A similar trend is evident in the market appraisals series, where the net balance slipped to -22%. Taken together, these results suggest that the supply pipeline is beginning to thin, potentially limiting the volume of new stock entering the market in the months ahead.

For house prices, the latest aggregate net balance came in at -33%, broadly in line with the readings of -35% and -34% recorded in April and May respectively. As such, while the indicator continues to point to modest downward pressure on prices at the national level, the trend appears to be stabilising rather than deteriorating further. At the regional level, the South East and South West of England continue to exhibit noticeably more negative net balances than the UK average. By contrast, respondents in Northern Ireland and, to a lesser extent, Scotland continue to report that house prices are following an upward trajectory.

Looking ahead, near-term price expectations at the aggregate level remain somewhat negative, although less so than in the previous survey. Further ahead, the twelve-month outlook remains modestly positive, with a net balance of +8% of respondents expecting house prices to rise over the year ahead, up slightly from +6% in the previous survey.

Jeremy Leaf, north London estate agent and a former RICS residential chairman, commented: “Ongoing worries about the conflict in Iran and its impact on the economy – especially mortgage rates and inflation – as well as domestic political uncertainty means home buying and selling is being pushed further down the ‘to-do’ list.

“Nevertheless, those who need rather than want to move are negotiating hard and trying to anticipate the market’s direction of travel.

“The net result is prices and activity are holding up better than we dared hope although we are not expecting a significant summer rebound, bearing in mind these distractions are likely to continue for a few more months at least.”
 
Rachel Springall, finance expert at Moneyfactscompare, added: “The supply of homes coming onto the market is beginning to thin, with both new instructions and market appraisals moving deeper into negative territory. The recent volatility in mortgage pricing and wider geopolitical uncertainty may have prompted some homeowners to pause their plans to sell until the outlook becomes clearer. Fewer properties coming onto the market could restrict the overall supply of homes in the months ahead. Overall, market sentiment remains subdued, although downward pressure on house prices appears to be easing.

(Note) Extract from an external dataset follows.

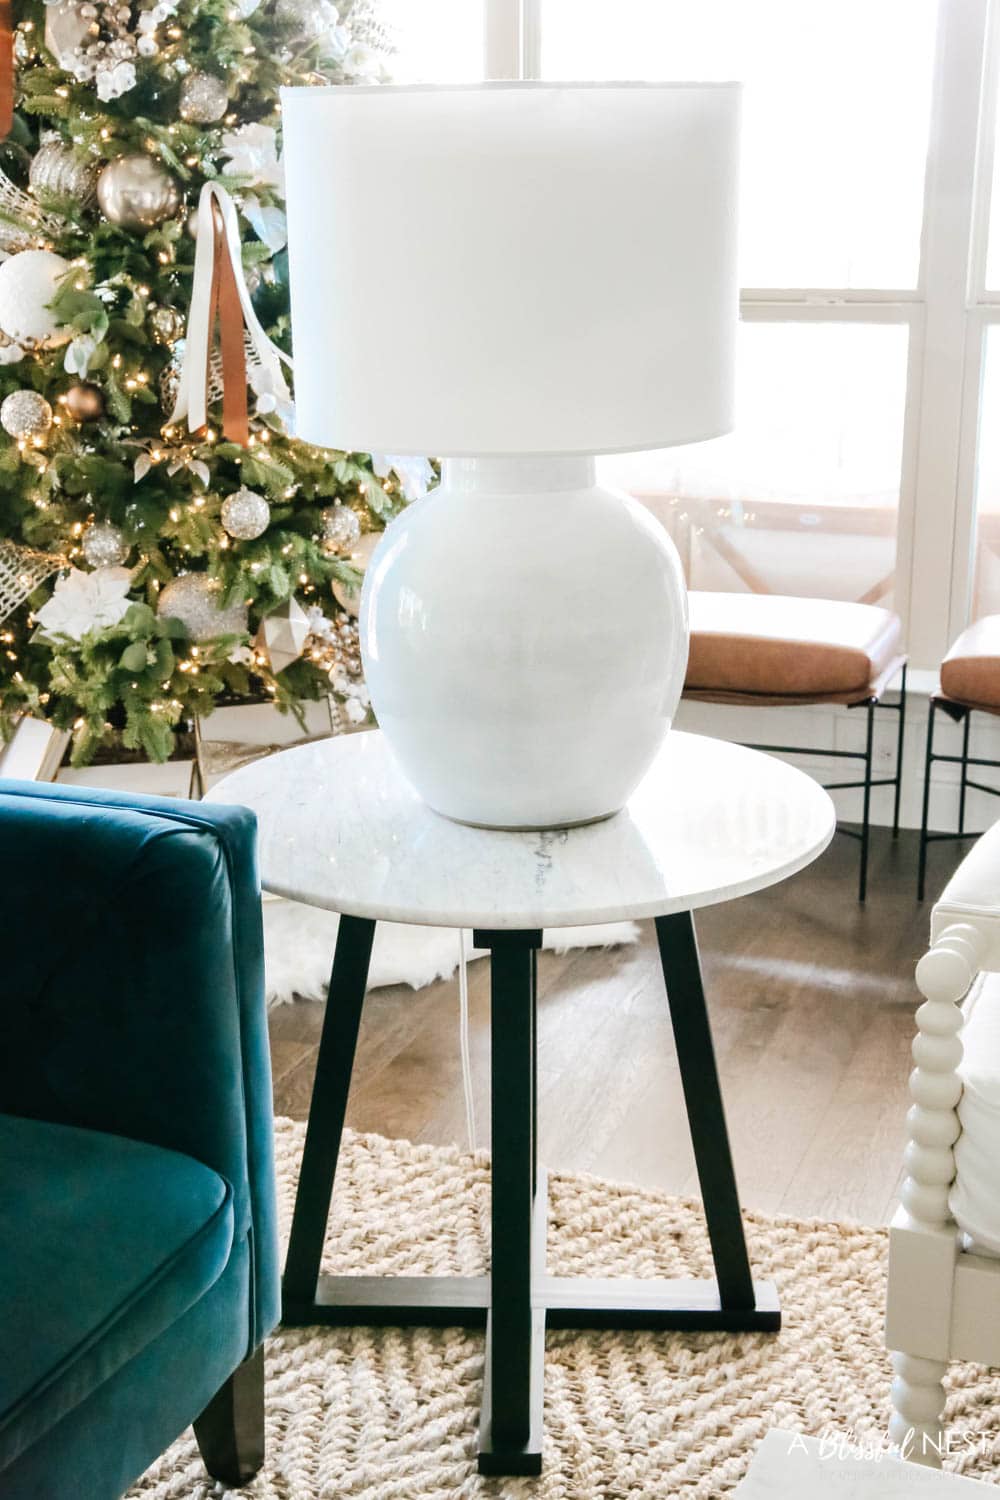 Marble topped side table with round white table lamp in front of a Christmas tree
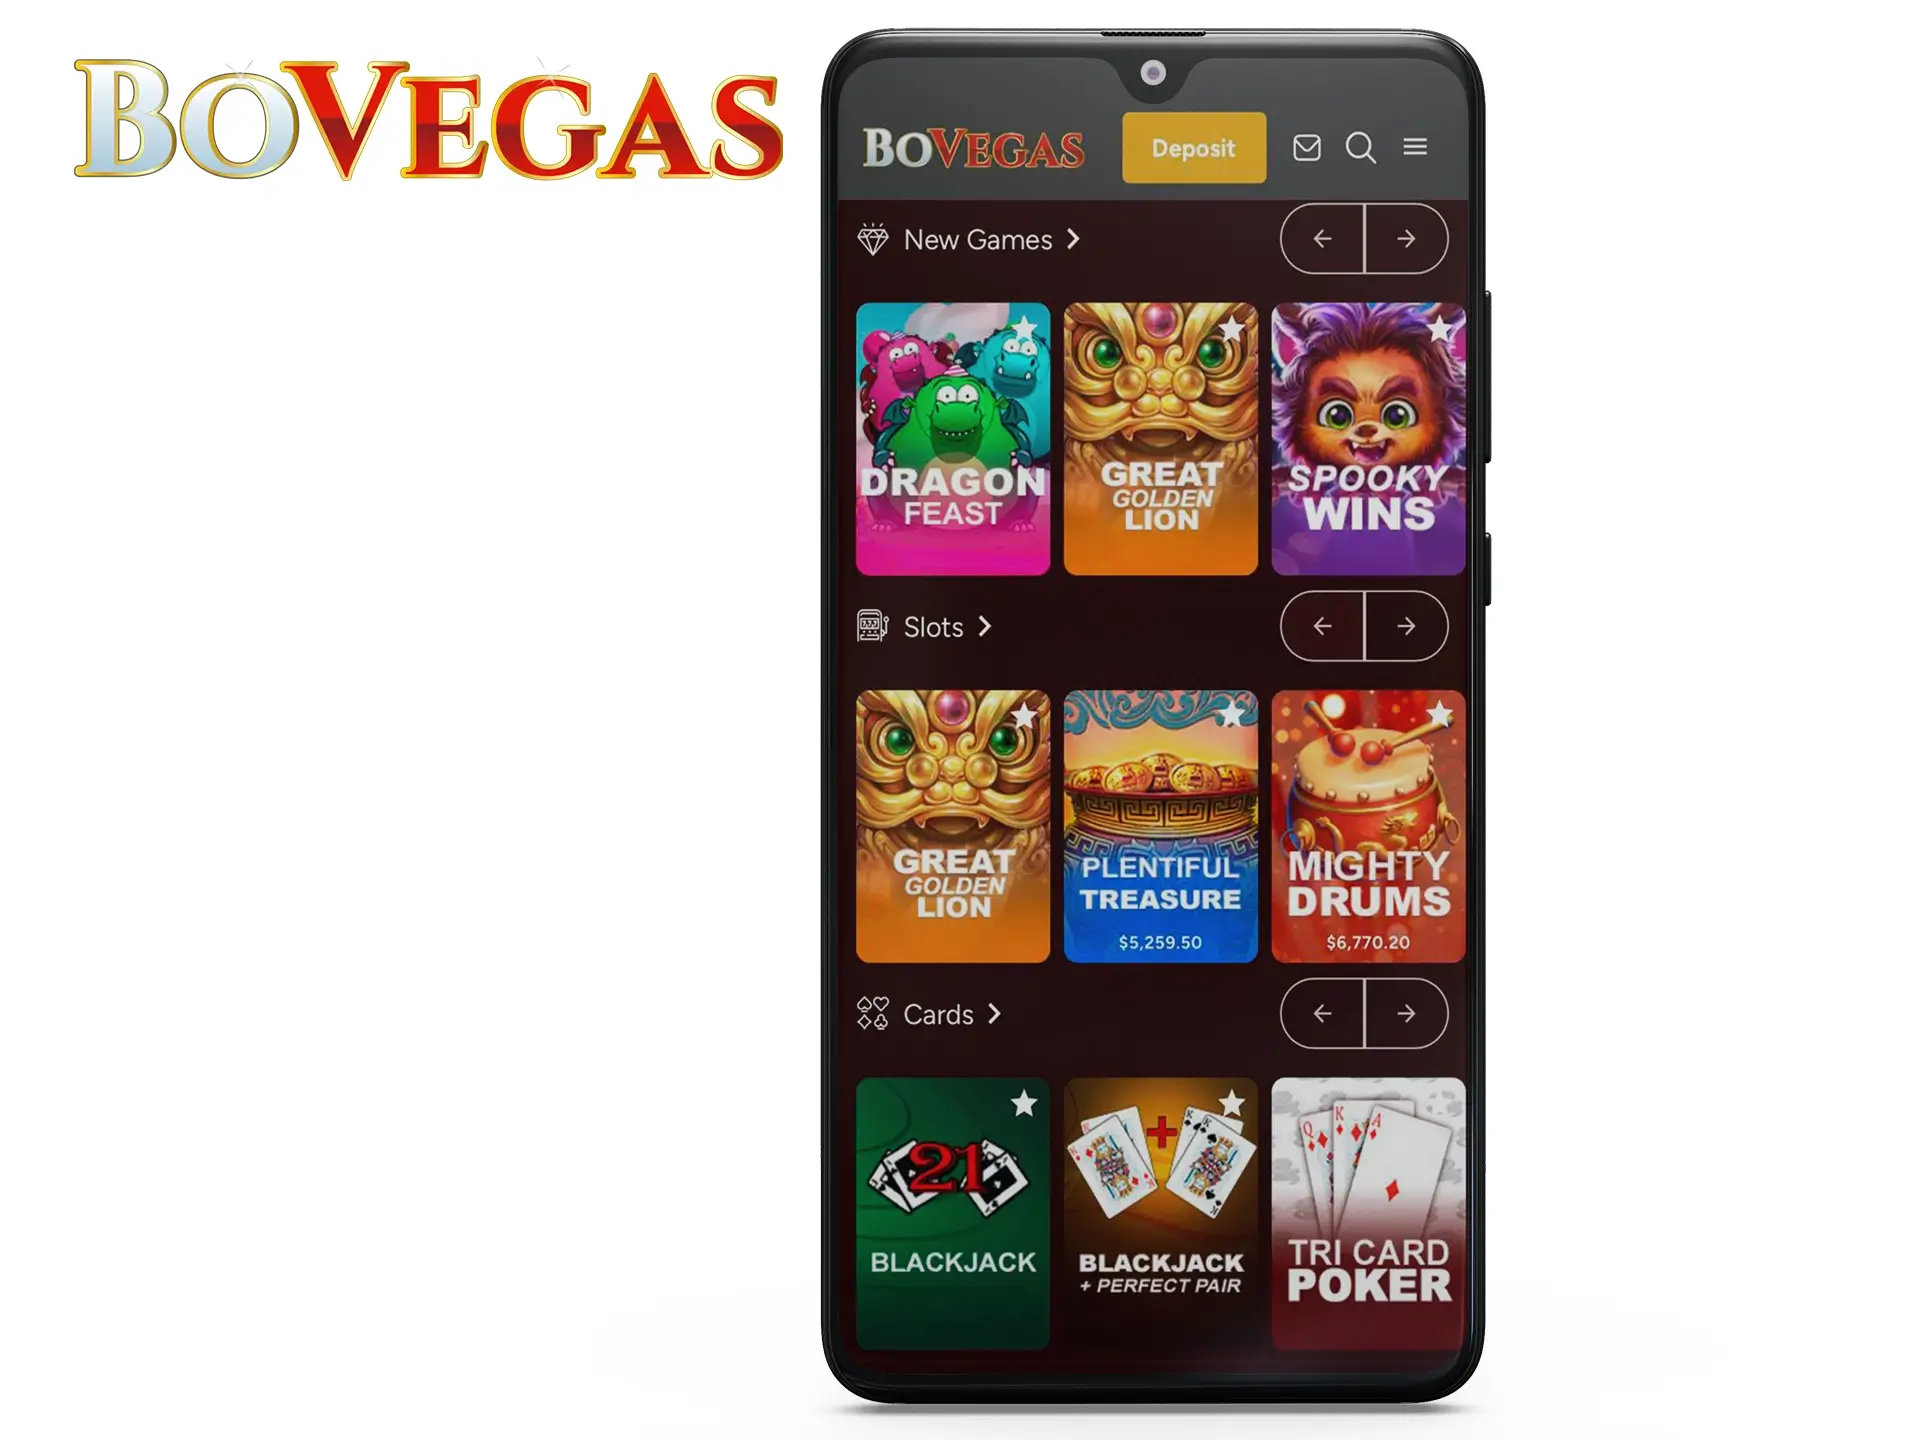 Place bets on Android devices through the mobile version of the site.

"New buyer enquiries remain weak, yet buyer sentiment has slightly improved, recording its least negative result since February. Falling mortgage rates could encourage prospective buyers, but affordability pressures and wider economic uncertainty can create caution, with some sitting on the fence until rates fall further. Those seeking a new deal are looking at repayments of £1,538 per month, based on a typical two-year fixed mortgage of 5.52% on a loan of £250,000, with a term of 25 years. This is a difference of around £760 over the course of 12 months, compared to the average rate of 5.09% back in July 2025."